Without estimating the traffic impact of a fix before it’s live, it’s just a guess—and we both know guesses don’t cut it in budget meetings.
Let me share a framework I use to transform messy data into reliable estimates. It’s not perfect, but it’s solid enough to prioritize with confidence and explain my strategy in any meeting.
Why every recommendation can’t be high priority
I’ve seen teams spend sprints on minor schema issues, ignoring a bigger problem—like a title tag bug affecting thousands of pages. Both were marked as “high priority,” but the traffic impact of one was negligible compared to the other.
Traffic guides true priority. While we can’t neglect brand visibility or UX, traffic offers a universal measure to compare efforts. Without quantified impact, you’re letting the loudest voice, or the most tempting technical puzzle, dictate your roadmap instead of focusing on what truly drives business value.
Plus, SERP landscapes have changed drastically. According to SparkToro, 68% of U.S. Google searches this year ended without a click, up significantly since just two years ago.
With AI Overviews intercepting traffic, the impact of a ranking improvement can vary wildly by SERP layout. Jumping to position three on a commercial keyword might be gold, but on an informational query dominated by AI? Not necessarily.

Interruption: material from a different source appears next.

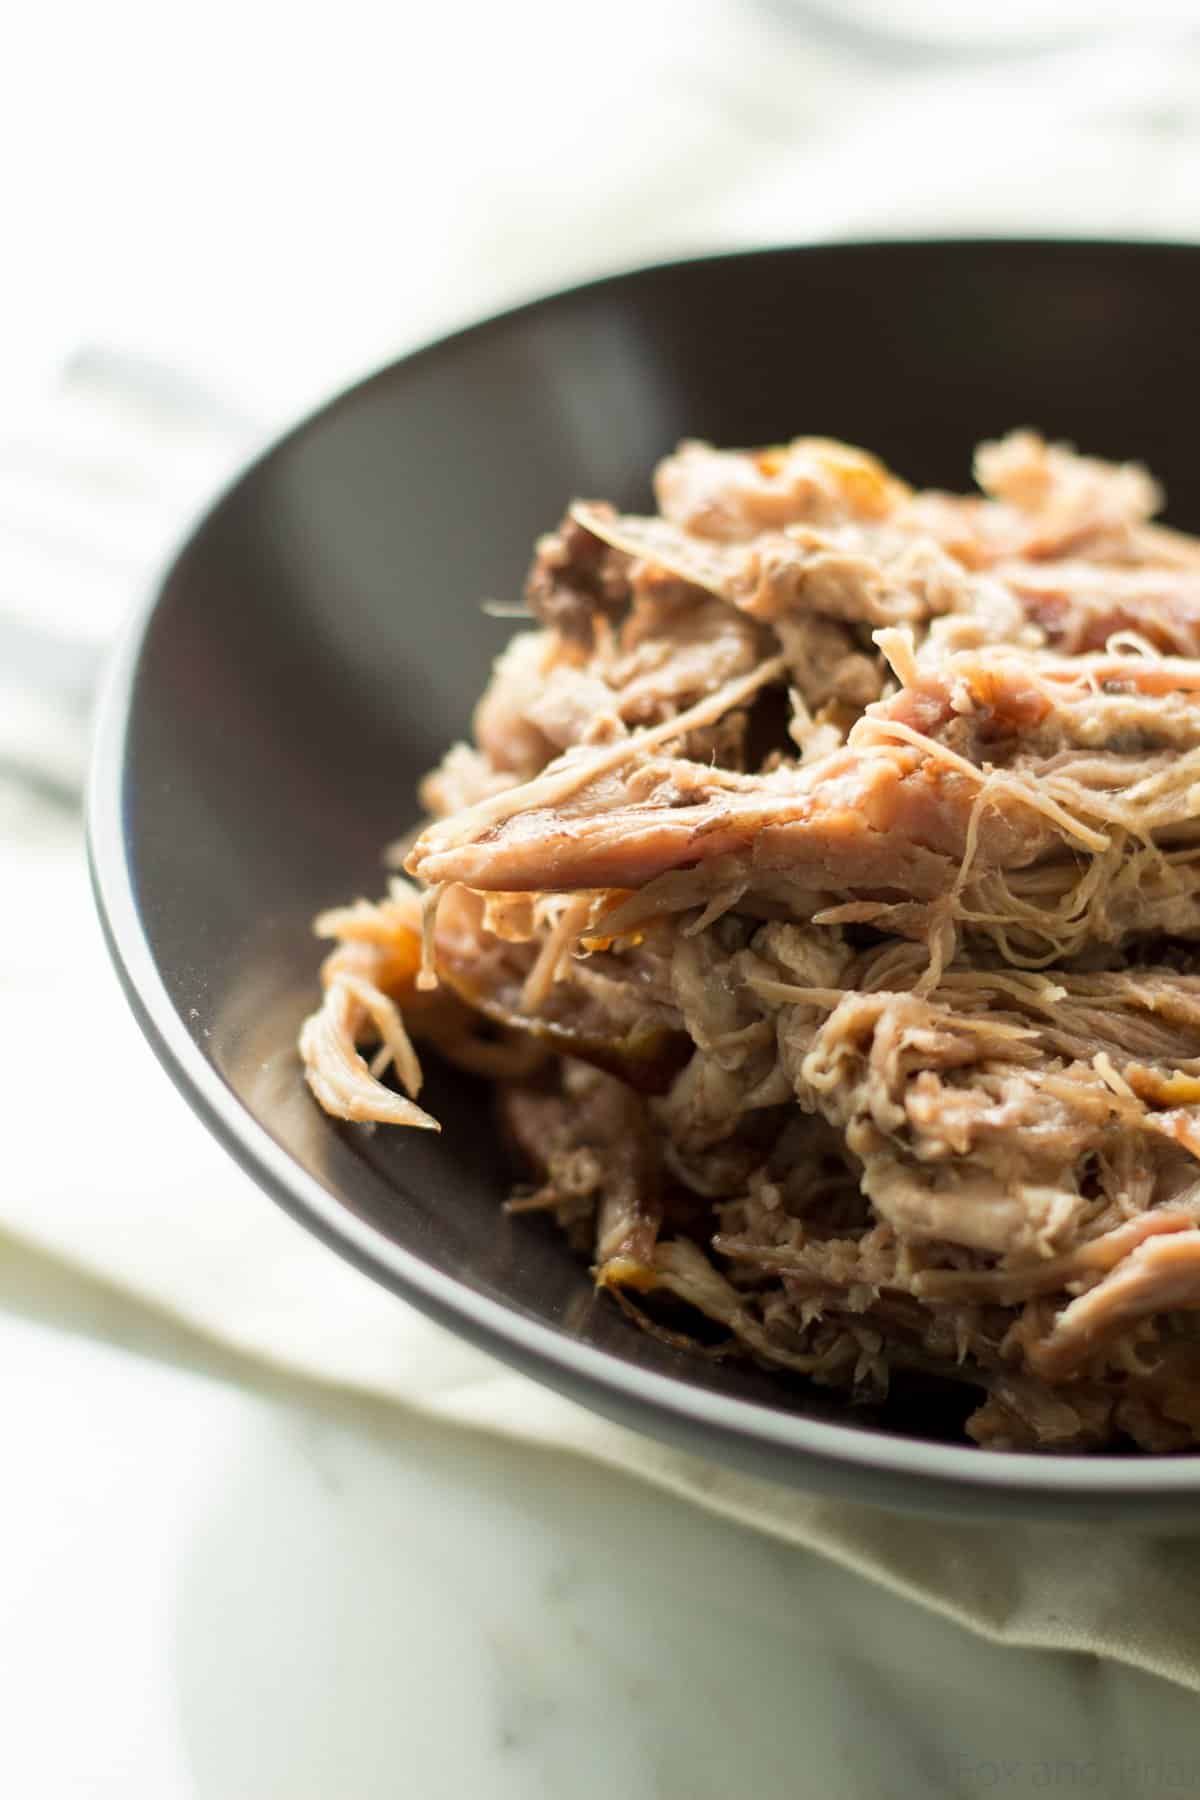 This is the easiest slow cooker pulled pork, but it tastes unbelievable! Make a huge batch and freeze some of it to put on sandwiches or pizza, in soup, tacos, fried rice and more!

Your forecasts should account for these dynamics to avoid overpromising.
Step 1: Define the scope
Before making any estimates, I always define the scope. Is the adjustment sitewide, a template fix, or a single-page optimization? Each scenario changes the math.
Sitewide technical fixes
These encompass site speed, mobile usability, HTTPS migrations, and Core Web Vitals. They influence every page, but not uniformly. Address areas with pages on the borderline of failing tests first.
Template-level changes
Fixes like rewriting title tags can have a major impact, but it’s vital to focus where traffic truly exists. Product templates might garner the majority of clicks, while blogs might trail behind.

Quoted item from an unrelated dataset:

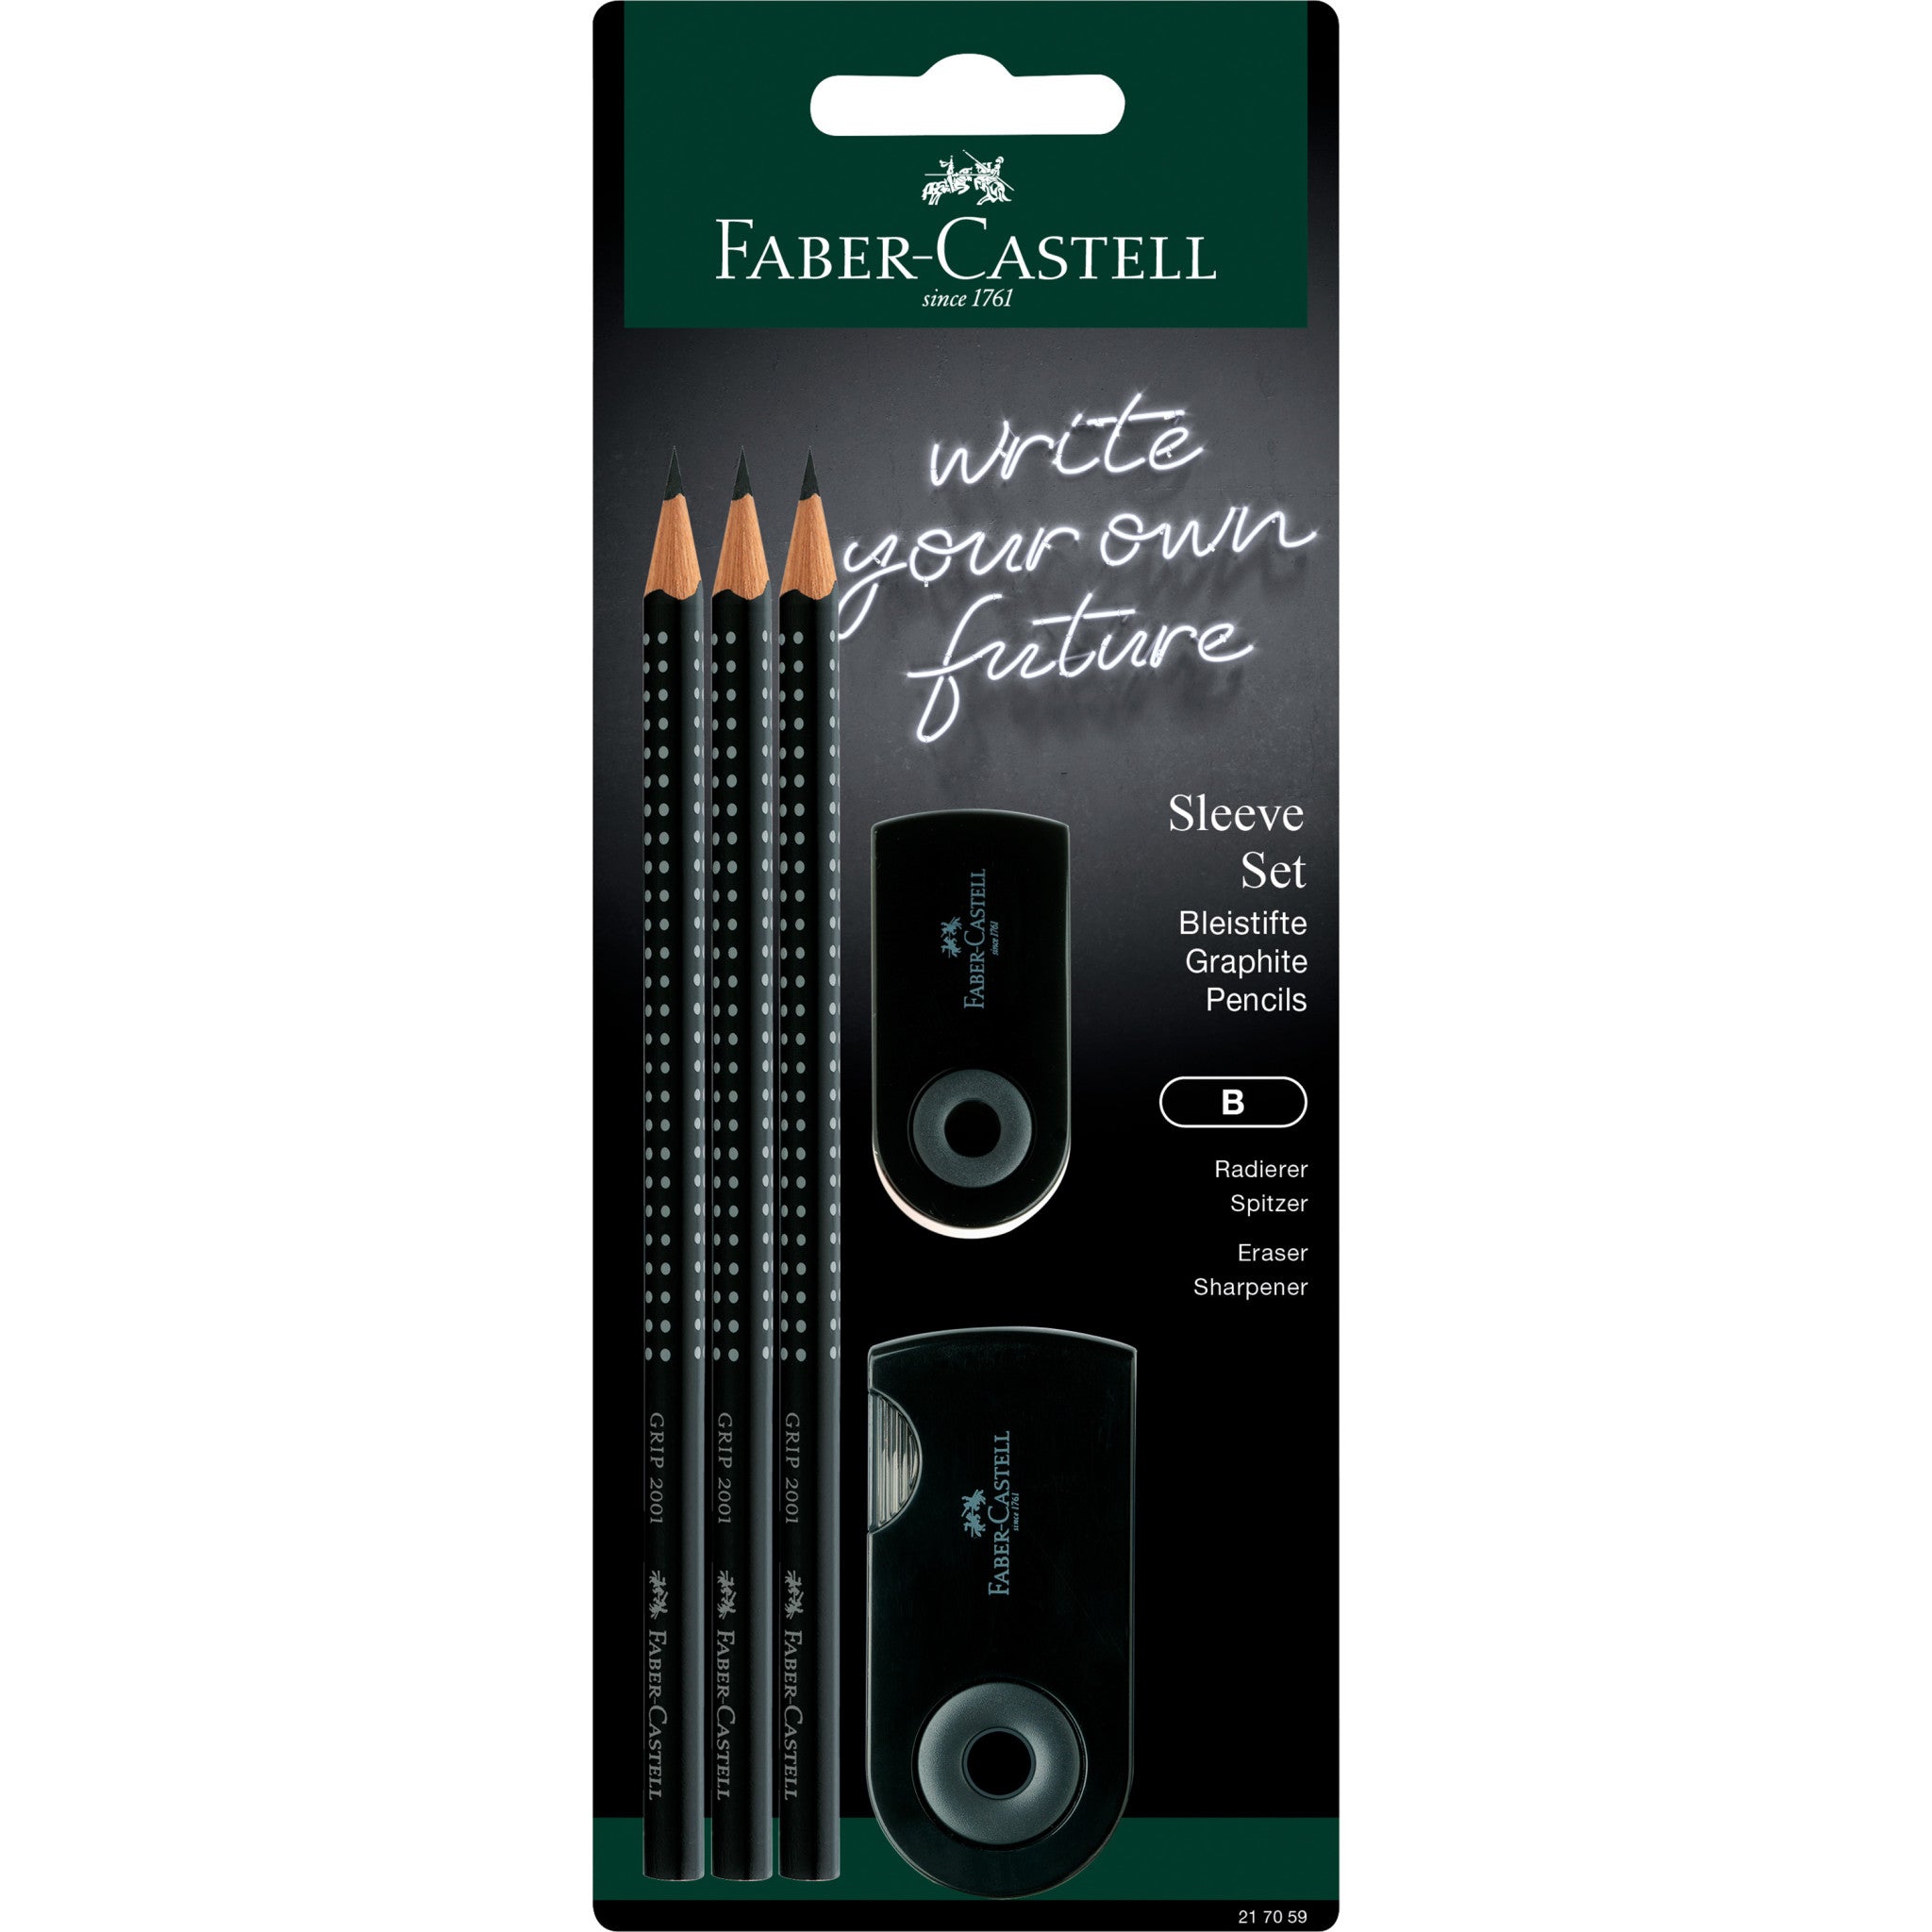 Faber-Castell pencil with attachment

Individual page optimizations
Actions like updating meta descriptions can provide quick wins, but their small scale might not significantly impact the business. Focus on these without losing sight of larger opportunities.
Organic clicks serve as a baseline. By filtering affected URLs and reviewing trends, I assess urgency and context.

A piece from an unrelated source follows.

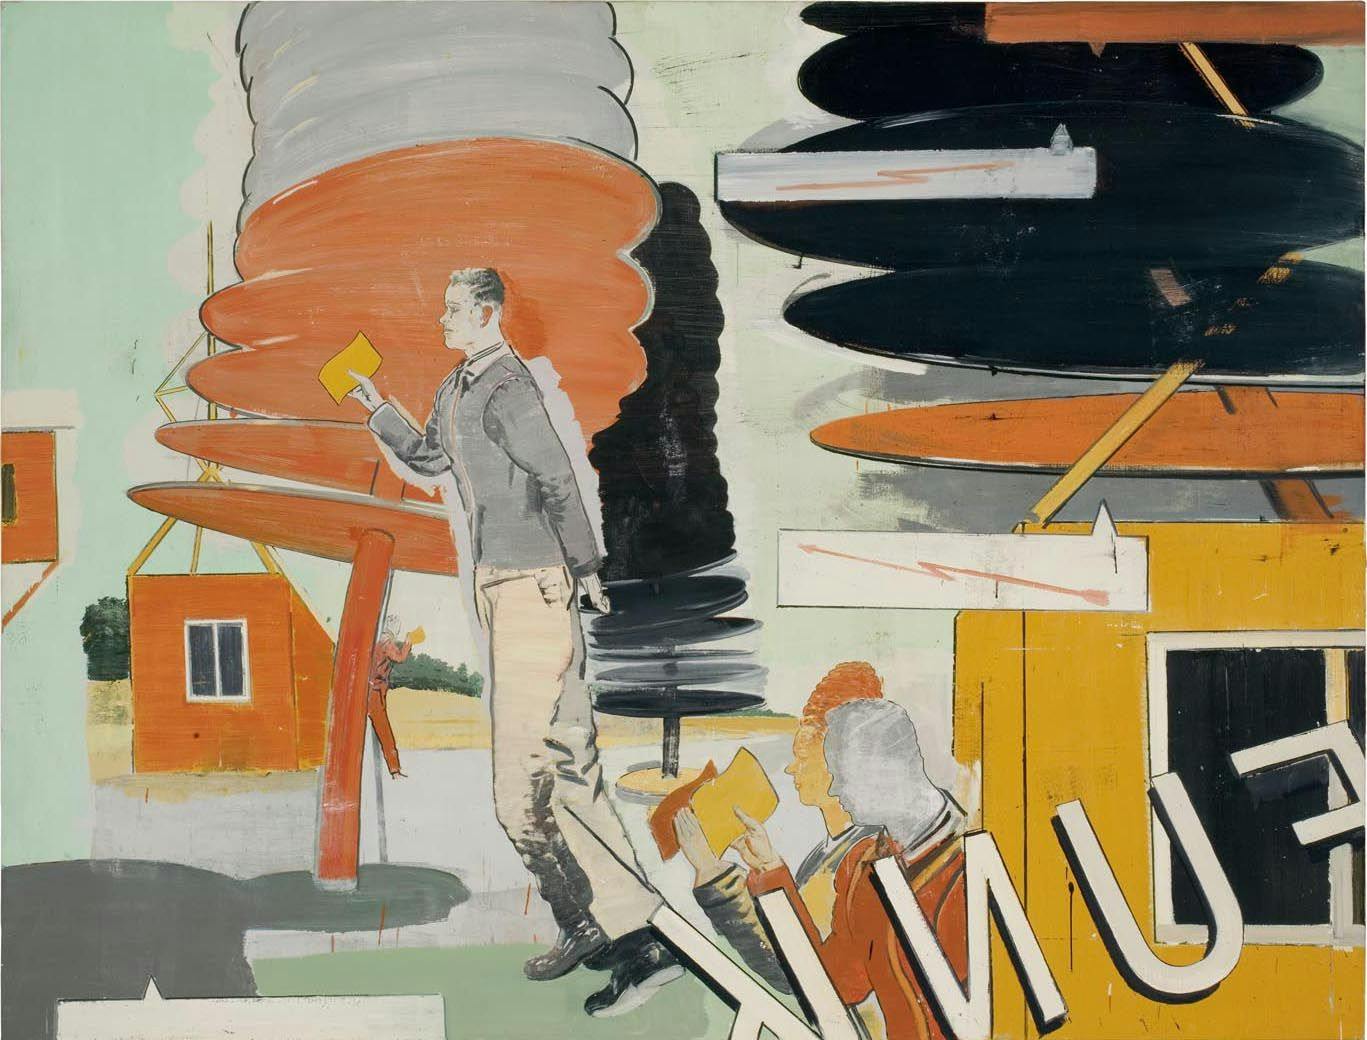 A painting by Neo Rauch, titled Funk, dated 1997.

Impressions and near-win rankings pinpoint real potential. Pages ranked 8-15 are ripe for improvements—push them higher for a CTR boost.
SERP features can greatly influence CTR. Using Search Console’s AI Mode data, I check for AI Overview dominance and adjust expectations.
Step 3: Estimate potential lift
Now, it’s time for educated estimation.
Your own history
When I’ve optimized similar pages before, I use those outcomes as future baselines. Keeping track of past projects builds a valuable benchmarking library.
Competitor benchmarks and SERP analysis
Review competitors and pinpoint their advantages, whether it’s content depth, UX, or backlinks. Aiming to close these gaps can justify a ranking gain.
AI-influenced CTR assumptions
Forecasting can falter without updated CTR assumptions. Seer’s research shows drastic CTR changes due to AI integration. Staying aware of these shifts is essential.
Step 4: Build three scenarios, not one number
One definitive forecast can be deceptive. I prefer building three—conservative, expected, and aggressive—to provide a range that reflects real possibilities.
In the conservative model, expect partial implementations and competition improvements. With the expected model, rely on solid historical benchmarks. The aggressive model accounts for perfect execution and fast indexing.
This comprehensive view guides stakeholders through potential outcomes, ensuring transparency and credibility.
Step 5: Use the forecast to build your roadmap
After forecasting, I compare traffic impact predictions to effort levels using frameworks like RICE. This demonstrates which initiatives offer the most value for the effort and helps align priorities with business goals.
A well-organized roadmap doesn’t just appeal to me but speaks clearly to everyone involved, highlighting efficiency and business impact.